He is heavier than I thought. In a white bag with the bridge across forever printed in green on the side. A bridge upon which, I suppose, I'm going to think I will meet him. At some point, in some timeless place, when I am ready to cross with him. I am, I suppose supposed to think that he will wait and that we will cross together. But simply he is heavier than I thought. No one tells you what to expect and so my friend walks me through the simple things… breathing. There will another box inside he tells me, and inside that there will be a heavy plastic bag. "So this is what it all boils down to," I say. "No- bakes down to" he replies. And for a moment I consider the implications.
I ate the dog. It was easy to swallow a bit of grittiness- to keep him inside of me, not nourishing but present. I do not know if I can swallow the bitterness of this next pill. He is so much heavier than I thought.
We build him a box. Mahogany made with no measurement and tools that I remember from my father's shop in Brooklyn. Table saws, miter saws, pneumatic nail guns. And I act as if he isn't in there. As if that's not the face I cleaned or the body I changed, or the hand I held, or the mouth I gave water. It is not the body I made kielbasa for, or the tongue that tasted the ice cream I bought. It is not the smile at the puppy that I lay down on the bed. It is only heavier than I thought. I pretend that it is not the man who spurned me and loved me in the same breath. I pretend that I don't want to meet for coffee in between classes, or that there not moment everyday that I want to have together. This whole thing is heavier than I thought. But I couldn't keep him there any longer. I could not have his ashes in another's house. The funeral home has kept him for months, mostly because my mother didn't want him in her house, and I was not ready. This is not to say I'm ready now, I do not think I could ever be ready for the heaviness in my hands. Still I have him now.
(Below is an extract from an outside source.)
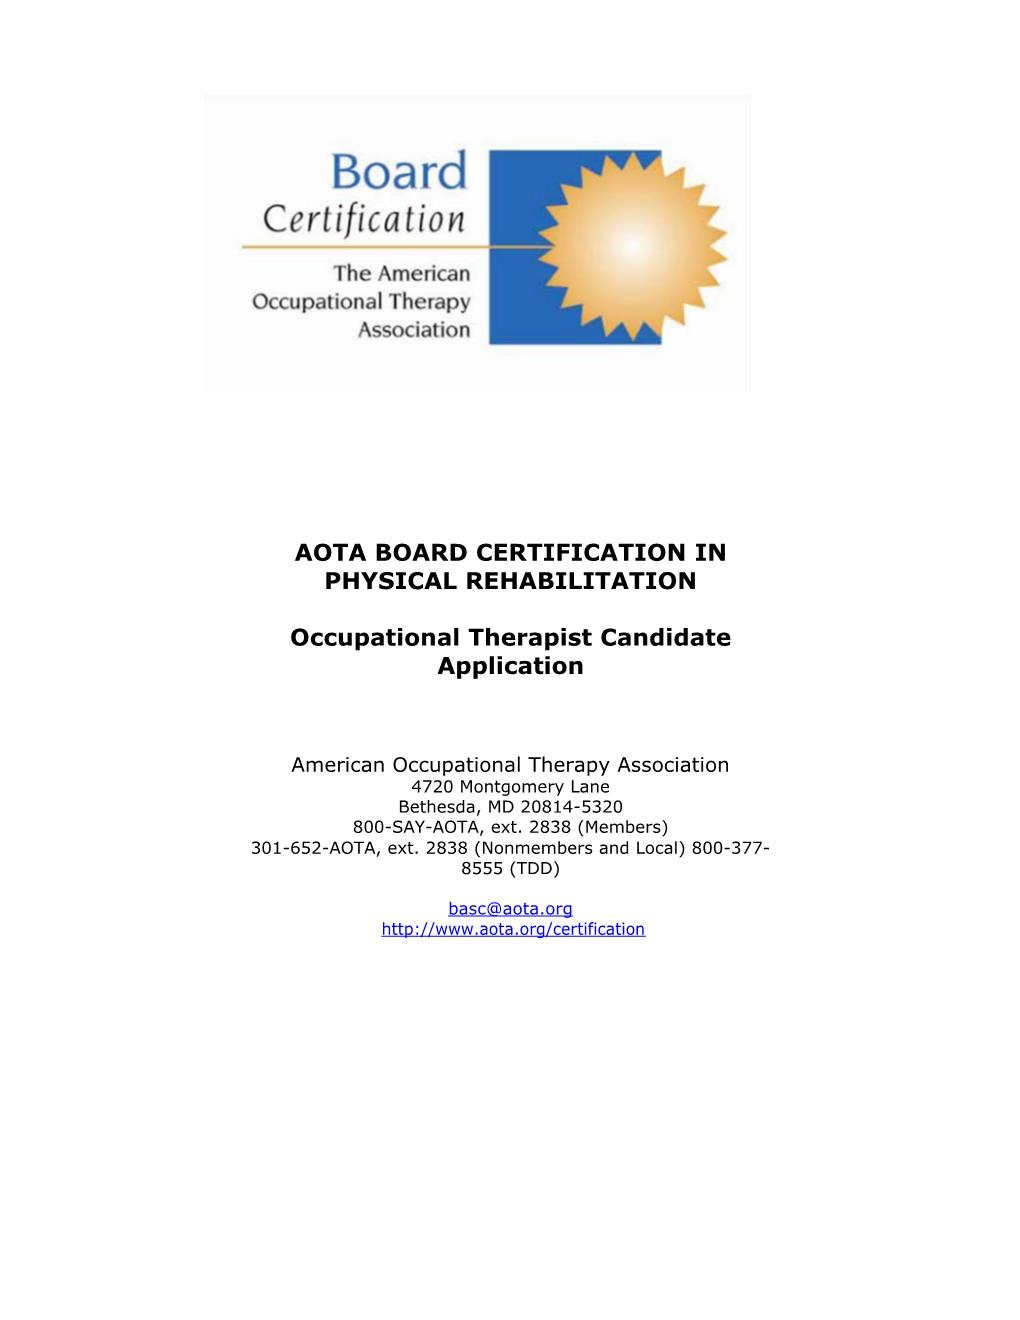 Occupational Therapist Candidate Application

The night he died I didn't really cry, it was only after I left the apartment and they took him away did I cry. I did not miss him but feared that he was going to feel alone. That he might be scared where he was and that I left, I left him in the hands of others and that perhaps just perhaps he was as alone as I was. I let them take him, I let foreign hands dress him in grey boxer briefs, blue jeans and white and blue striped shirt from Eddie Bauer. I let someone put him in a car and drive him away. I let them put him in a box and I didn't really ever say goodbye. I let someone else take him, and what if he was scared and I wasn't there? What if for all of his heaviness he felt like he might weigh nothing compared to the size of the universe. And I can never forgive myself for this.
This grief is heavier than I thought. It sneaks upon you at the odd moment- Buying tea, looking and a clock, some child with a watercolor, every time I breath in. I have run out of words and just when I think I have run out of tears there is another, and another until the ark returns from the shore.
I picked up my father today, brought him home in a container not so different from the original, for the first time I carried him, and for the first time he watches over me.